In addition, Cohn-Sherbock notes that today, belief in the coming of a personal messiah has dwindled, with some non-Orthodox movements translating ‘belief in the Messiah into a belief in a Messianic period’. [Cohn-Sherbock 2004:20] Secular Zionism adopted elements in the Messianic tradition which were hospitable to their effort to restore the Jews to their ancient land. Later Religious Zionists, hold that while the establishment of the State of Israel cannot be identified with the Messianic hope, it is to be seen as the beginning of the redemption. (Jacobs:343)

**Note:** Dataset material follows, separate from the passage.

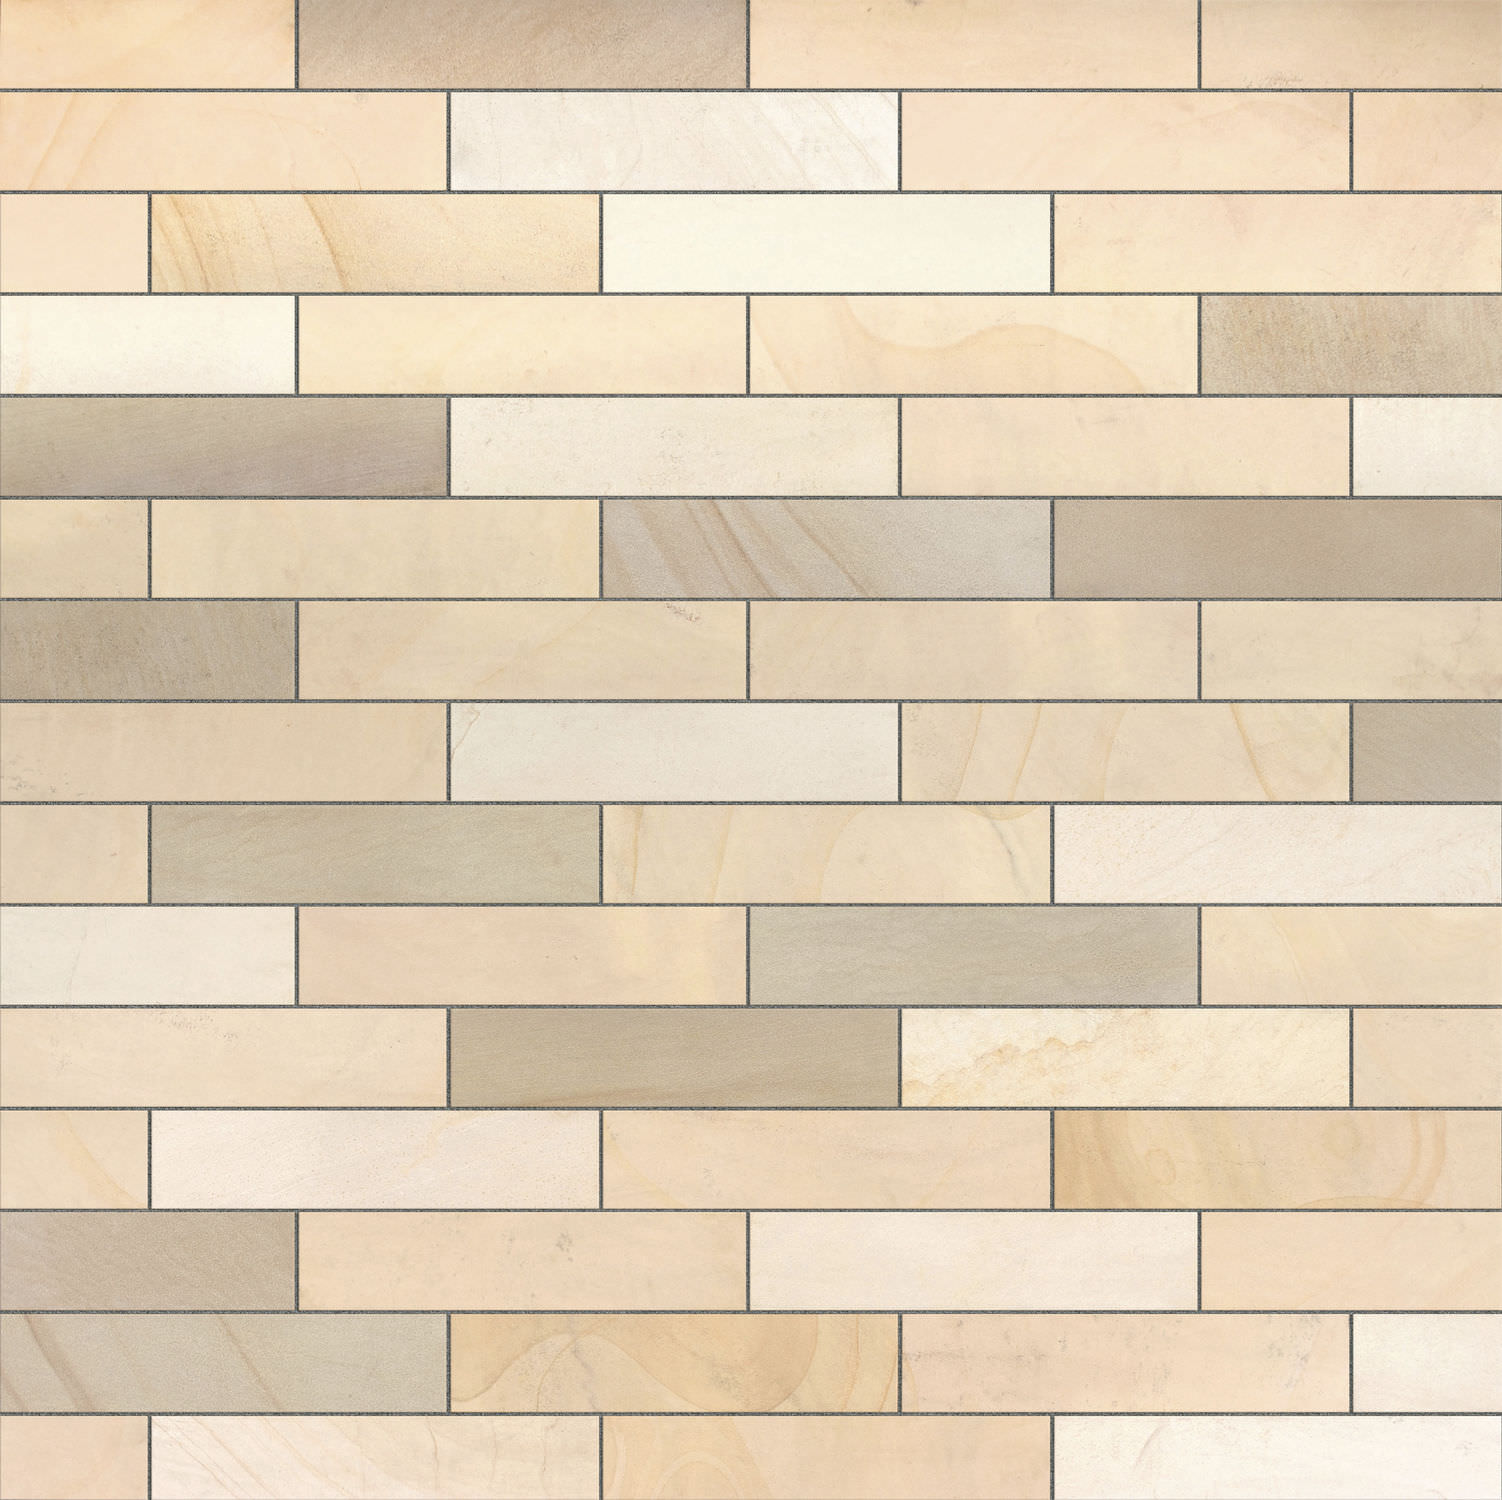 Outdoor Tile For Floors Sandstone Embossed Stonepar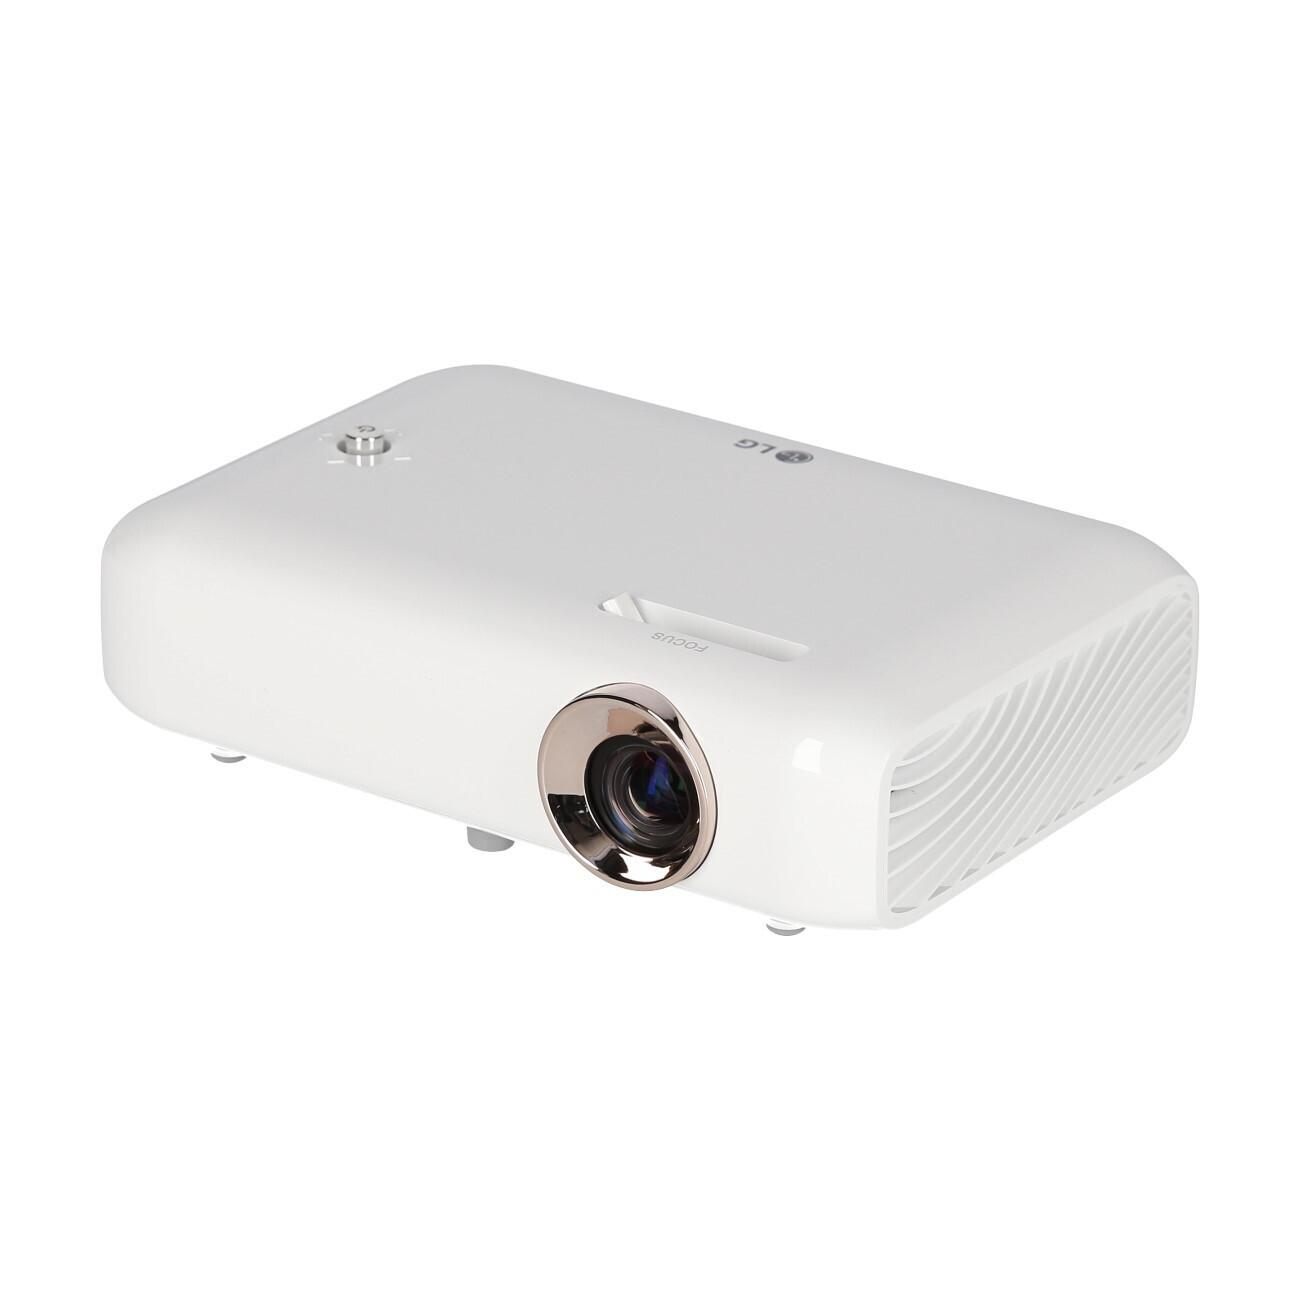 LG PH550 - Demoware Platin

Rejection of Jesus as Messiah, has been interpreted by some Christians as being a perverse, deliberate and malignant denial of the obvious. But in the light of this brief survey of Jewish messianic reasoning, Christians should at least acknowledge the truth of Martin Buber’s comment, ‘We, Israel, are not able to believe this.’ Why? Because messianic redemption is about a total, irreversible redemption of this world, once and for all. This is expanded upon by Schalom Ben-Chorin, ‘The concept of the redeemed soul in the midst of an unredeemed world is alien to the Jew, profoundly alien ... This is the innermost reason for Israel’s rejection of Jesus, not a merely external, merely national conception of messianism. In Jewish eyes, redemption means redemption from all evil.’ [Moltmann 1994:120] So a ‘Jewish Christology’ finds no ‘Christ’ in Jesus.

The Christian response is to argue that Jesus’ messiahship was in an unexpected form as far as contemporary Jewish understanding was concerned. The particular form it took was consistent with the Hebrew scriptures, albeit based on a different interpretation of the texts.

Anti-Judaism

The Jewish inability to accept Jesus as Messiah, led to theological formulations within Christianity which developed into a profound anti-Judaism: that the Christian church has ‘superseded’ Judaism, thereby rendering it redundant in offering any hope of ‘salvation’ to Jews outside faith in Christ. As Reuther observes:

‘Anti-Judaism was the negative side of the Christian affirmation that Jesus was the Christ. ... But since the Jewish religious leaders rejected this claim, the church developed a polemic against the Jews and Judaism to explain how the church could claim to be the fulfilment of a Jewish religious tradition when the Jewish religious teachers themselves denied this.’ [Reuther 1981:31]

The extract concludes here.